Her despair, as she listened to the words of her young husband in declaring his love for Neva, may be imagined. She did not dream how bitterly he had mourned for his lost young wife; she did not dream that she was dearer to him still than Neva could ever be. How could she tell, when listening to his passionate vows of love to Miss Wynde, that the young wife who had slept in his bosom was in his thoughts by day and by night, and was regarded by him as a holy, precious memory?

“It’s all over!” she sobbed, pressing her face down upon the dewy turf. “I am forgotten—but why should I not be? I never was his wife. He said so himself in his letter to me that I carry still next my heart. Not his wife—but she will be! How beautiful she is! How lovely her face was, how clear her voice. She would pity me if she knew, but she is an heiress, I dare say, while I am only the poor outcast Rufus has made me! Oh, Rufus, Rufus!”

She wailed aloud, but she had learned to bear her griefs in silence, and presently she struggled to her feet and walked in the direction in which the heiress and her lover had gone—the same way by which Lally had recently come.

There was no need for her to go to Wyndham now. Her presence there, or her appearance to Rufus, might embarrass his relations to his newer love, and possibly interfere with his marriage. He thought her dead, and had not even come forward to claim the body he supposed to be hers. Ah, yes, she had never been his wife, and she was forgotten. She would never cross his path again.

She staggered wearily along the road, in and out of the beaten foot-path, with the twilight deepening around her, and with a deeper twilight settling down upon her heart and brain. She passed the Hawkhurst park, the picturesque stone lodge guarding the great bronze gates, and here she paused.

The lodge was closed, and a faint light streamed out through the dotted white curtains.
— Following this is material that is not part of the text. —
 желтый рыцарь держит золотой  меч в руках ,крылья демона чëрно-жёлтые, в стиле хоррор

Lally crept close to the great gates formed of bronze spears tipped with gilt, like the gates of the Tuileries gardens at Paris, and pressing her face against the cool rods, looked up the avenue.
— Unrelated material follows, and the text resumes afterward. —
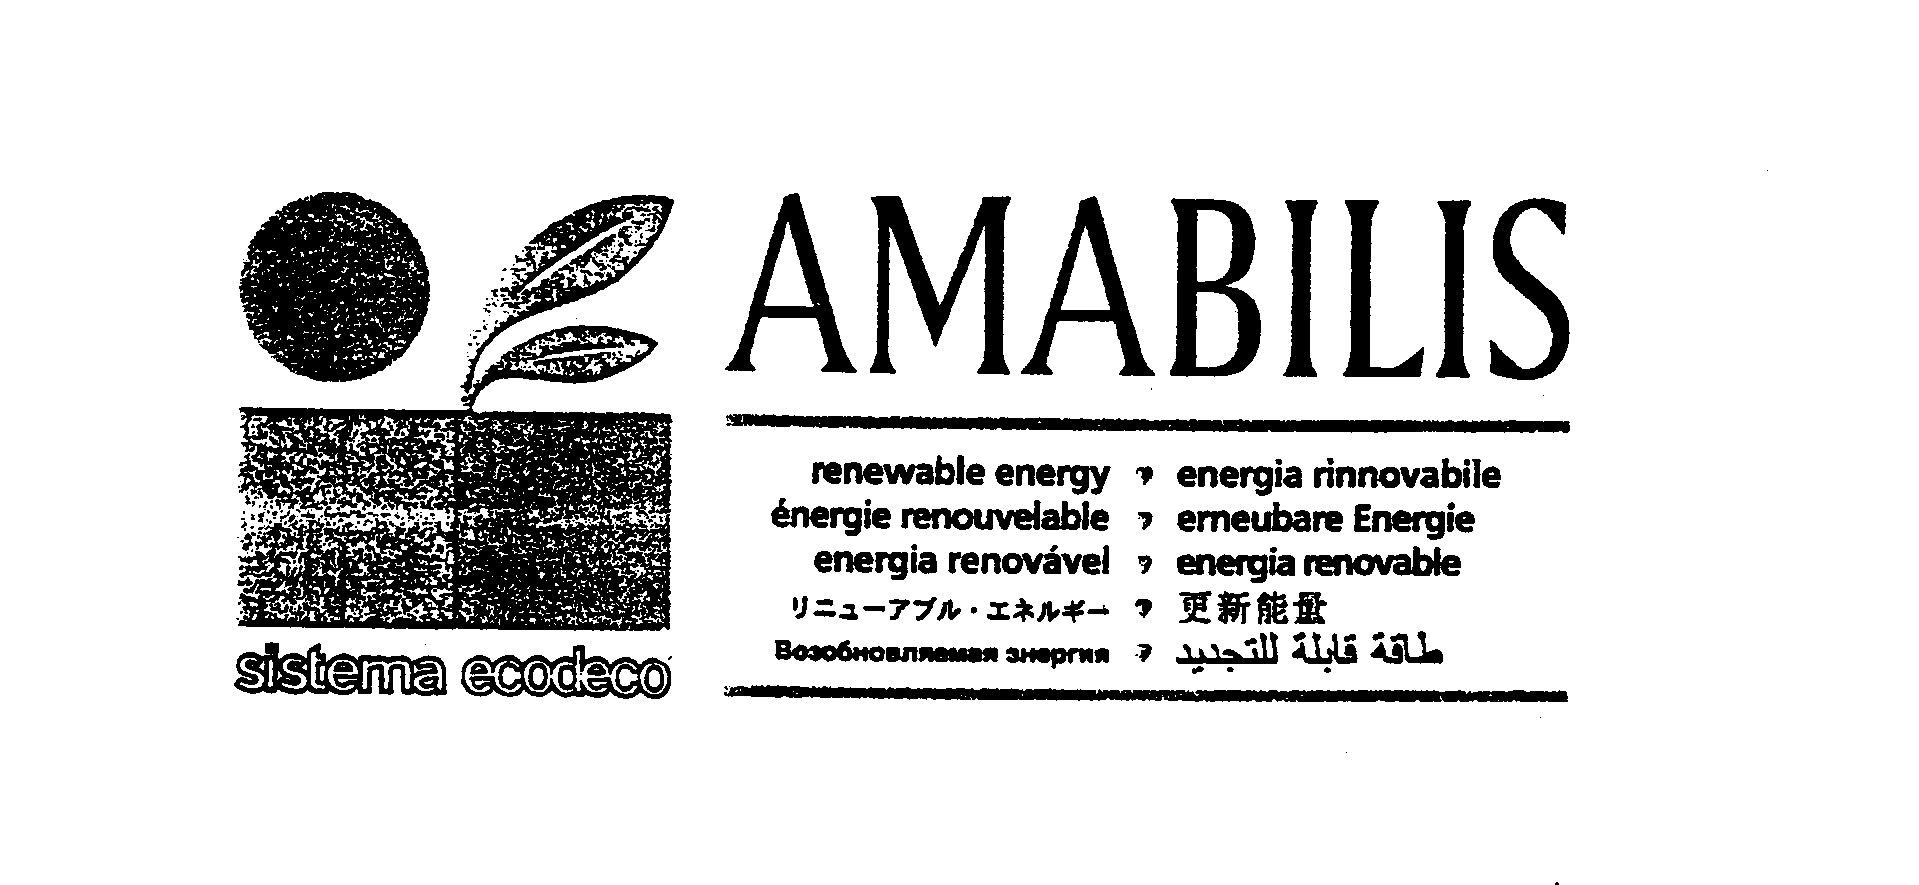  AMABILIS RENEWABLE ENERGY

At the distance of half a mile or more, the great gray stone mansion sat throned upon a broad ridge of land, and lights flared from the wide uncurtained windows far upon the terrace, and the glass dome of flowers was all alight, and the stately old house looked to the homeless wanderer down by the gates like Paradise.

Her eager eyes searched the terrace, and then, inch by inch, the great tree-arched avenue.
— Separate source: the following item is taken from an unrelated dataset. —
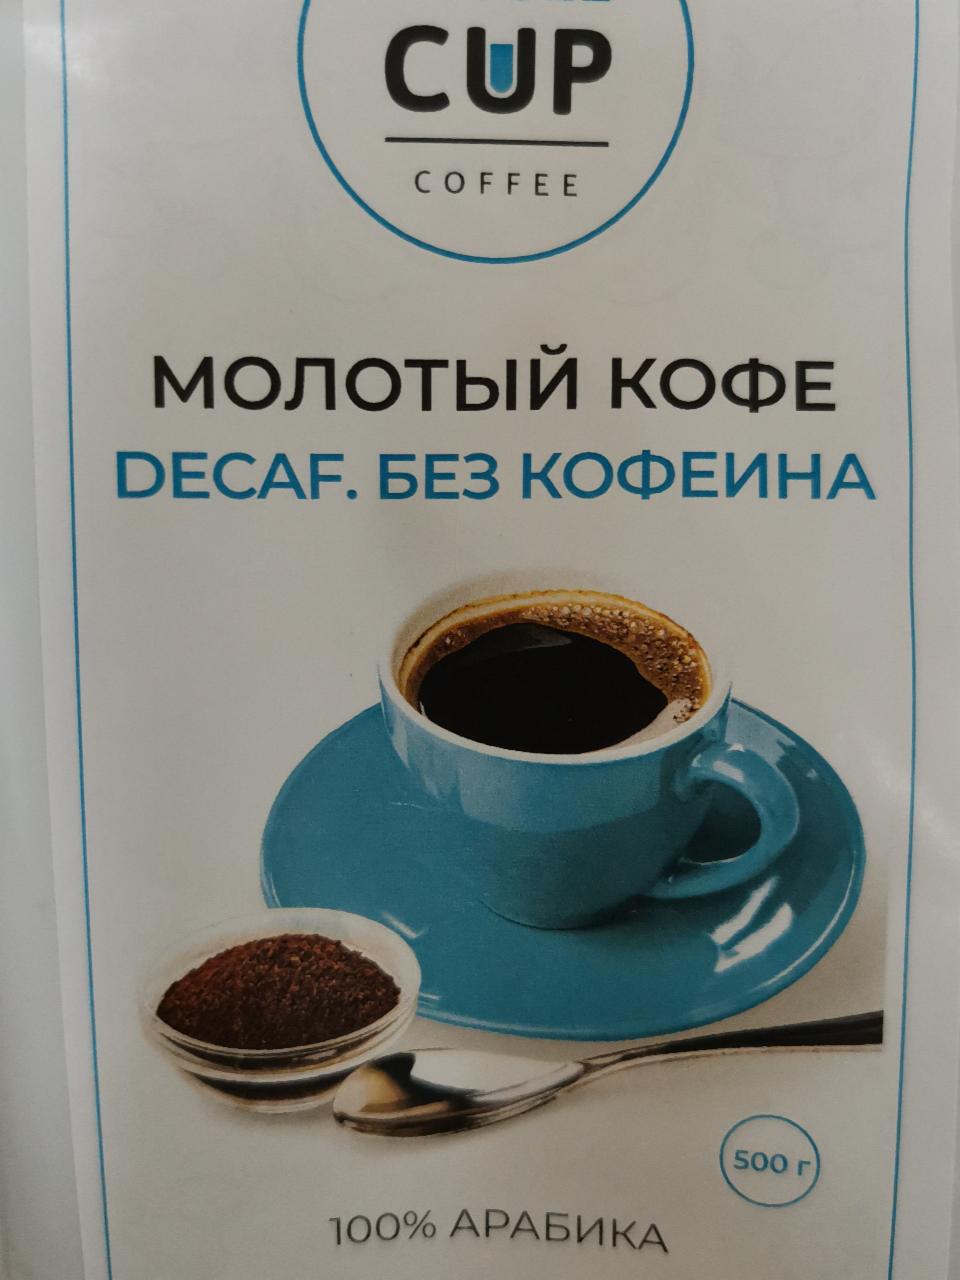 Фото - Кофе молотый Decaf Cup Coffee

Midway up the avenue, walking slowly, as lovers walk, she saw her young husband and Neva Wynde. With great jealous eyes she watched their progress through the shadows, and, when they paused in the stream of light upon the terrace, and Rufus Black bent low toward the heiress, a great flame leaped into poor Lally’s sombre eyes, and she caught her breath sharply.

The heiress and her suitor stood for some moments upon the terrace, unconscious of the eyes upon them. Rufus declined to go into the house that evening, alleging his agitation as an excuse. Neva took her small parcel which he had carried, and he seized her hand, uttering passionate words of love, and begging her to look favorably upon his suit. Then not waiting for an answer, he pressed her hand to his lips, and dashed down the avenue toward the gates, while Neva entered the house.

And all this the jealous, disowned wife saw, with her face growing death-like, and the flame burning yet more brightly in her sombre eyes.

“She has accepted him,” she muttered. “She will not take the week to consider his suit. They are betrothed. I was sure she lived here. Perhaps she owns the place, and he will be its master. They will both be rich and happy and beloved, while I—Ah, how swiftly he comes! He walked like that the night I accepted him. But I am not his wife; I never was, even when I thought myself so. He must not see me. No shadow from the past must darken his happy life—his and hers. It is all over—all over—and I shall never see his face again!”

With one last, long lingering look, and a sob that came from her very soul, she turned and sped down the road like a mad creature—away from Wyndham, and Rufus, and all her hopes—going, ah, where?

And Rufus, with his new love-dream glowing in his soul, came out of the Hawkhurst grounds, and hurried toward his inn, never dreaming how near he had been to his lost wife, nor how surely he had lost her.